The newly discovered long-extinct species is described as a “large arachnid-like arachnid” with “distinctive large spines on the legs” by the study’s authors. They were unable to place the creature in any known arachnid order because the specimen lacked mouthparts, which scientists use to classify it.
“You see kind of spiny legs in some spiders, but we’ve never seen one that had these big spines all the way through, at least the first parts of the legs,” said Dr. Jason Dunlop, curator of spiders and hundreds of legs at the Nature Museum in Berlin and co-author of the study. “It’s absolutely amazing,” he told CNN on Friday.
“We looked at it twice and said, ‘What are we looking at here?’
Paleontologist Bob Macek first discovered the specimen in the 1980s in fossil deposits preserved in Mazon Creek Lagerstadt, Illinois. (The German word is a term paleontologists use to describe an exceptional site containing many perfectly preserved fossils.) However, it was not until 2023 that it became clear that the specimen was a newly discovered species, and was donated for research by fossil collector David Douglas, who acquired it from Masick.
The researchers then examined the fossil and photographed it using a camera attached to a microscope.
They found that the creature was “clearly something very different from any previously described spider”, and had spiny legs resembling some modern spiders.

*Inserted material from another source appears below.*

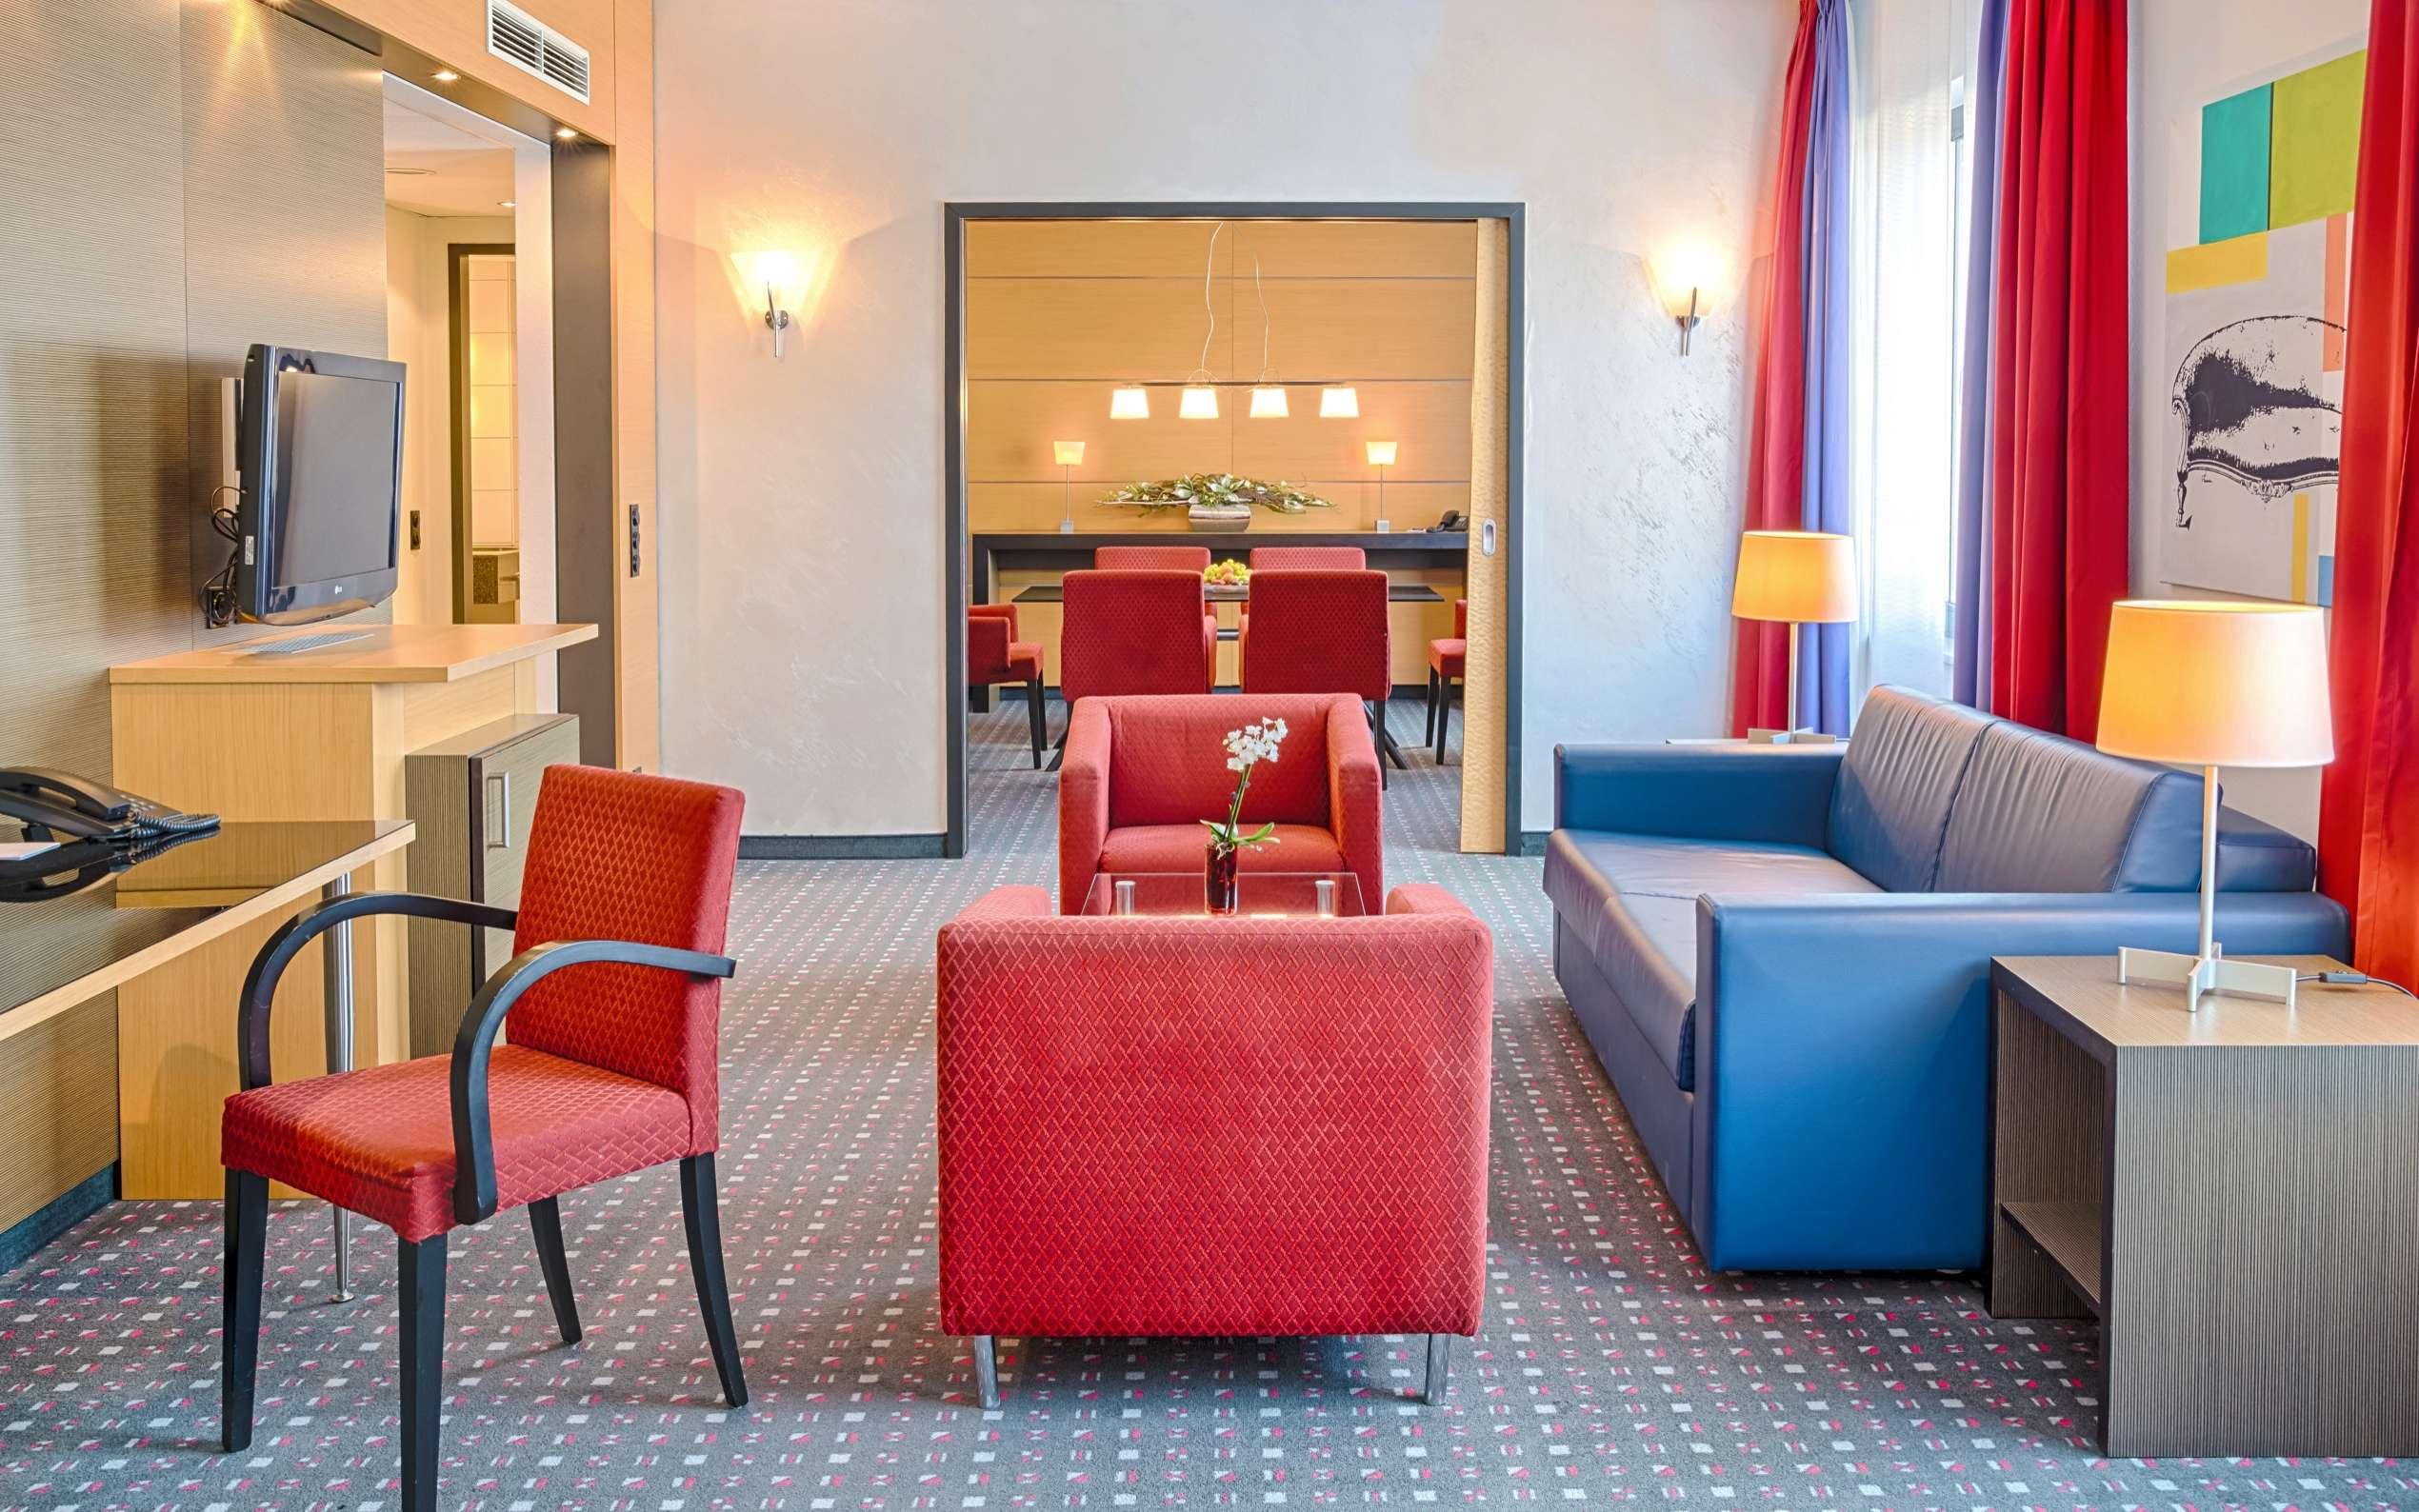 4 Sterne Stadthotel In Essen Welcome Hotel Essen
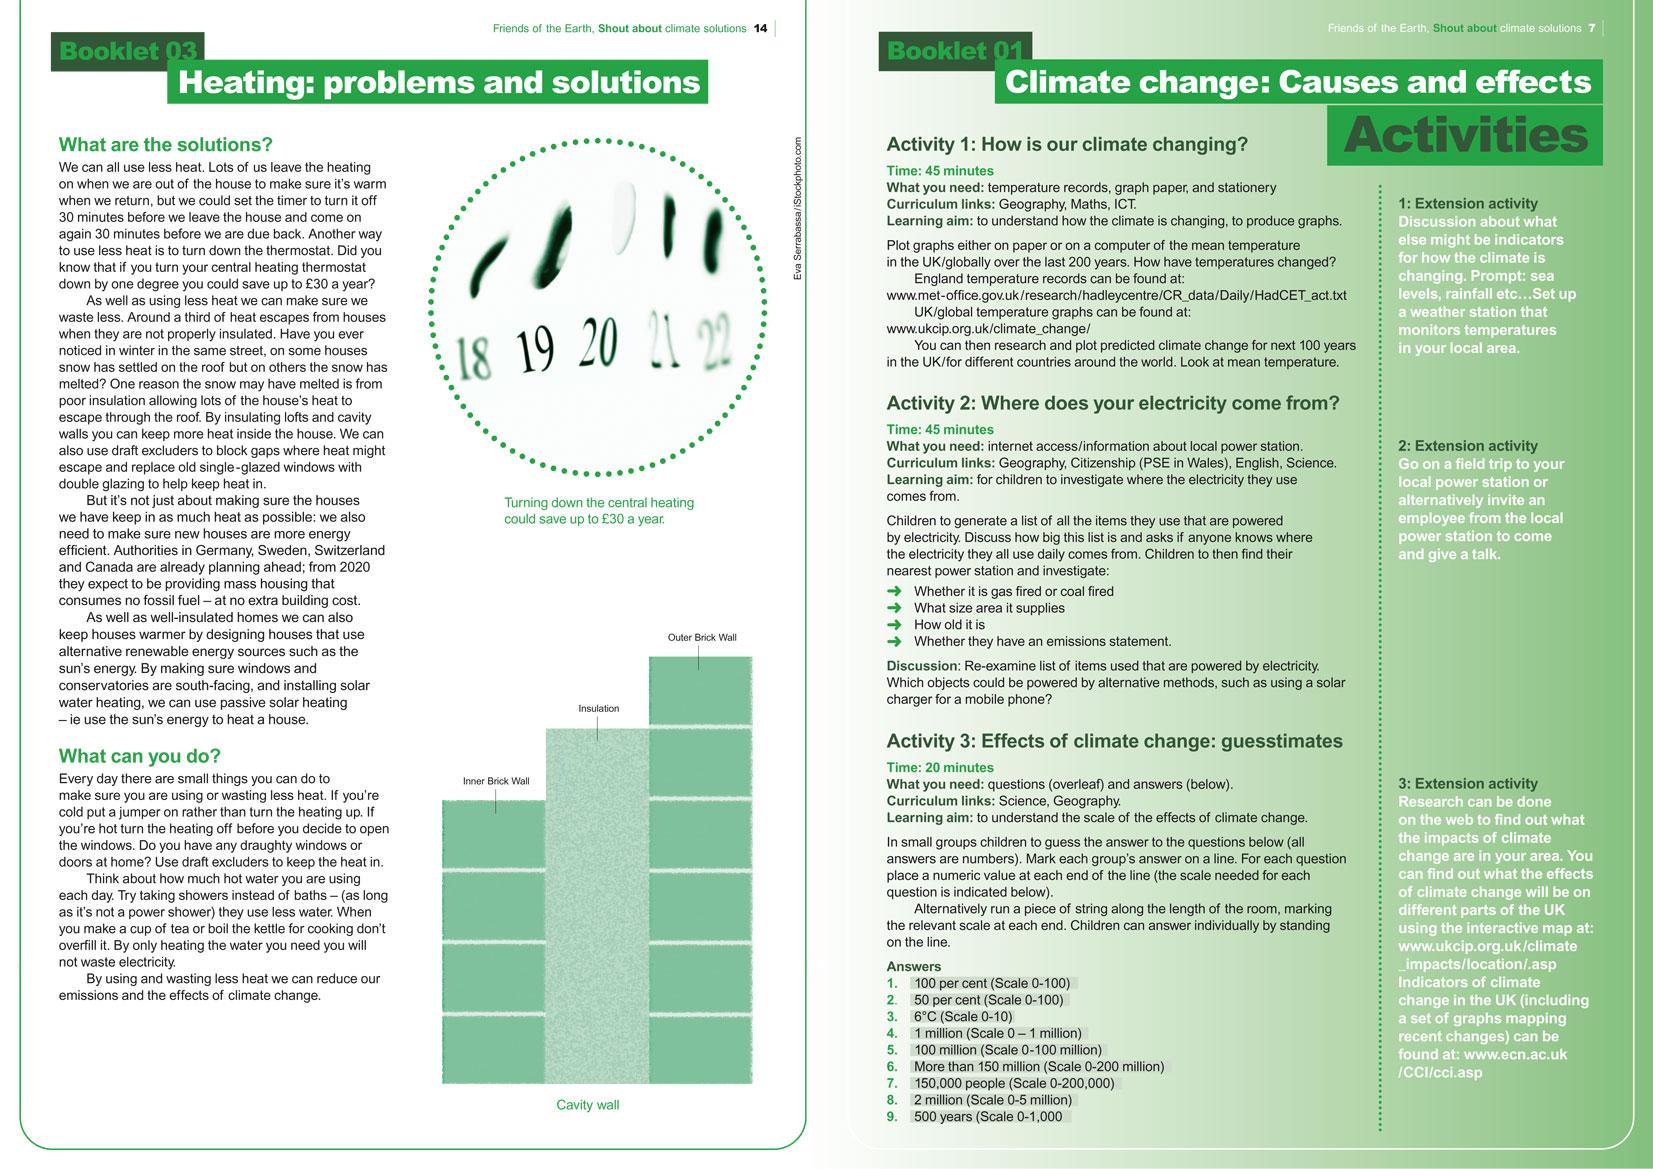 Booklet-3-2.jpg

Harvest spiders But with a different body type.
Paul Selden / Naturkunde Museum
Scientists believe that the spiny legs were for defensive purposes.
Dunlop said it was likely that the creature used its spines for defensive purposes rather than attacking other animals, similar to hedgehog spines today.
“It means that if something tries to bite it, it grabs the spines in its mouth. “We’re talking about handling time, which means if you want to eat something spiny, it takes longer because you have to break the spines or bite off the parts that don’t have On thorns.”
“We can guess that there were scorpions and other spiders around,” Dunlop said, as well as primitive lizard-like animals or large amphibians that hunted these spiders, but it’s not possible to know for sure.
Without its mouthparts, researchers cannot identify its closest relative, but they hypothesize that it could belong to a broader group including spiders, whip spiders, and whip scorpions.
Paleontologists have only found this particular species in North America so far, but it could “appear elsewhere” in northern Europe as well, Dunlop said.
“There was probably a huge area across much of what is now Europe and North America, which was a kind of giant tropical rainforest, and wherever there is coal today, you have a reasonable chance of finding these fossils (spiders, plants, insects).” he added.
Eventually, researchers named this species Douglassarachne acanthopoda. The genus name honors the Douglas family, which donated the specimen to the Field Museum of Natural History in Chicago, and the species name refers to the spines that make this spider so distinctive.